News · Press Release

REMINDER: Kevin Coughlin Admitted “I’m homophobic, I admit it, I have a problem with it”

Coughlin also voted to ban gay marriage and “strongly agreed” with government only recognizing marriage between men and women

On the heels of Pride Month, a reminder that Kevin Coughlin admitted that he is “homophobic” and has consistently opposed allowing Ohioans the freedom to marry who they love.

Business Insider reported last year that after he was accused of discriminating against a fellow college student on the basis of their sexuality, Coughlin claimed, “I’m homophobic, I admit it, I have a problem with it.” Coughlin doubled down by then writing, “It is true that I do not agree with the lifestyles that homosexuals choose to lead. I do not shirk from that.”

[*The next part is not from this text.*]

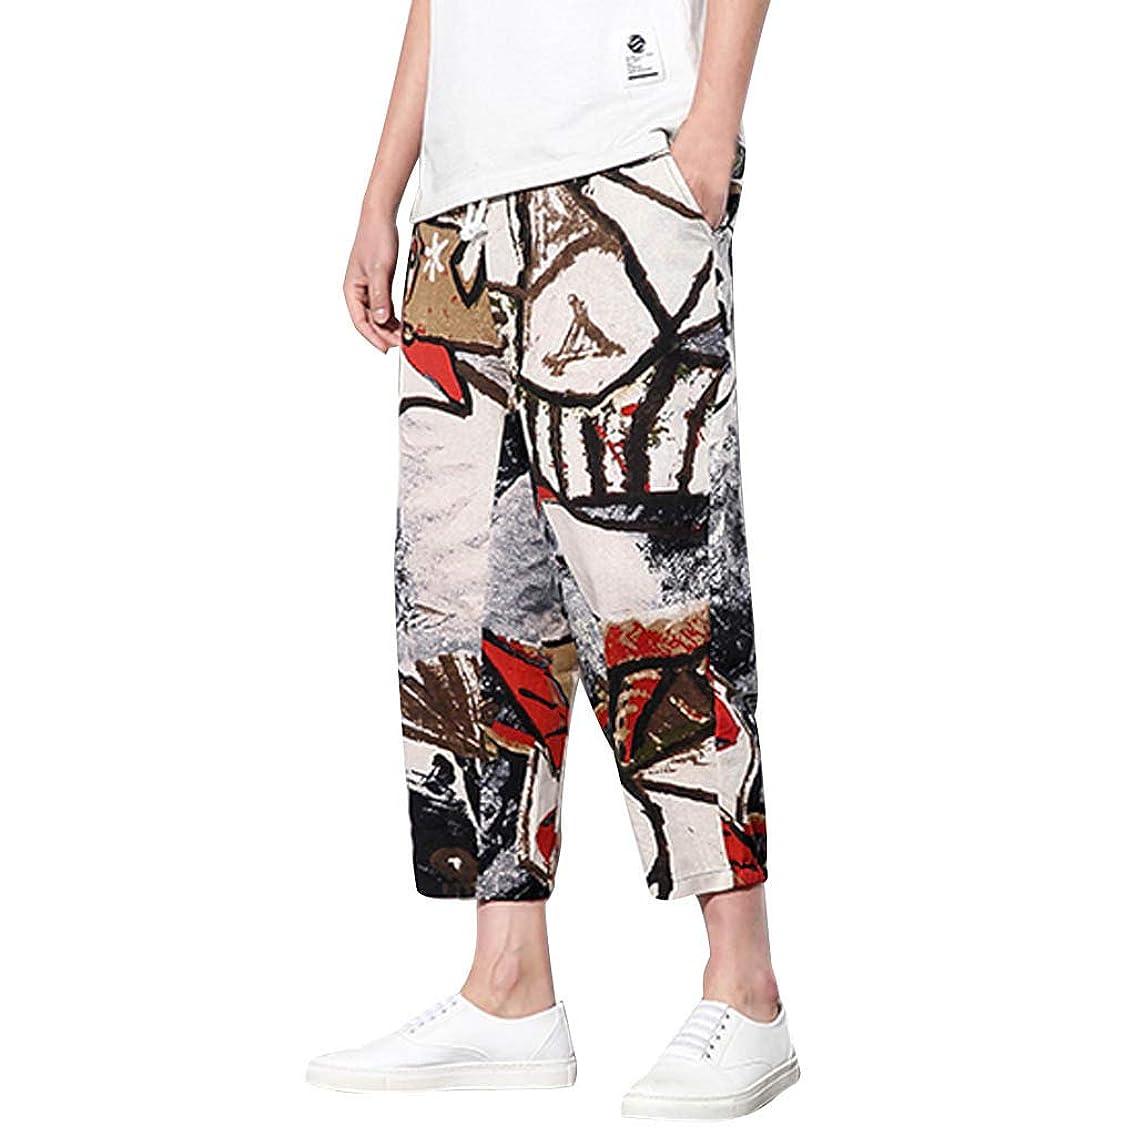 LEERYAAY Trunk&Short Men's Summer Fashion Leisure Ethnic Style Printing Linen Loose Ankle-Length Pant

As a career politician, Coughlin “maintained a general opposition to LGBTQ+ rights, including voting for a bill to ban gay marriage.” Last year when running in OH-13, Coughlin ‘‘strongly agreed” with the government only recognizing marriage as the “‘sacred and legal union of one man and one woman.’”

Read more:

Business Insider: GOP House candidate declared himself a ‘homophobe’ as college student body president

  • Coughlin has a long history of serving in elected office, including 10 years in the Ohio Senate, four years in the Ohio House, and even a two-year stint as student body president at Bowling Green State University.
  • It was during his college years that Coughlin — amid a controversy involving alleged discrimination against a fellow student who was seeking an appointment to the student senate — declared that he disagreed with “the lifestyles that homosexuals choose to lead.”
  • He also labeled himself — at least ironically — as a homophobe.
  • “I’m homophobic, I admit it, I have a problem with it,” the student newspaper quoted Coughlin as saying in 1991, citing two people who had heard him make the remarks. Coughlin later penned a guest column in the paper disputing the exact quote while claiming that he had made the comment in jest.
  • “It is true that I do not agree with the lifestyles that homosexuals choose to lead. I do not shirk from that,” Coughlin continued. “But that does not make me stupid, uneducated or homophobic and I’m rather tired of people being persecuted because they hold an opinion.”
  • According to archives of The BG News, the university’s student-run newspaper, the controversy began in January 1991, when a vacancy opened in the university’s undergraduate student senate.
  • Coughlin, first elected student body president in 1989, had the power to appoint a new senator. But after the president of the school’s Lesbian and Gay Alliance expressed interest in the seat, Coughlin chose someone else.
  • That led another student senator to accuse Coughlin of discriminating against the student on the basis of his sexuality, at which point the student paper quoted Coughlin in February as saying he was “homophobic.”
  • The future state lawmaker would go on to lose reelection as student body president that spring, owing in part to the controversy.
  • Though it’s been over 30 years since those events took place, Coughlin has maintained a general opposition to LGBTQ+ rights, including voting for a bill to ban gay marriage in 2004, when he served in the state senate.
  • Additionally, on a conservative Christian organization’s questionnaire completed earlier this year, Coughlin indicated that he “strongly agreed” with the notion that “no government has the authority to alter” the definition of marriage as a “God-ordained, sacred and legal union of one man and one woman.”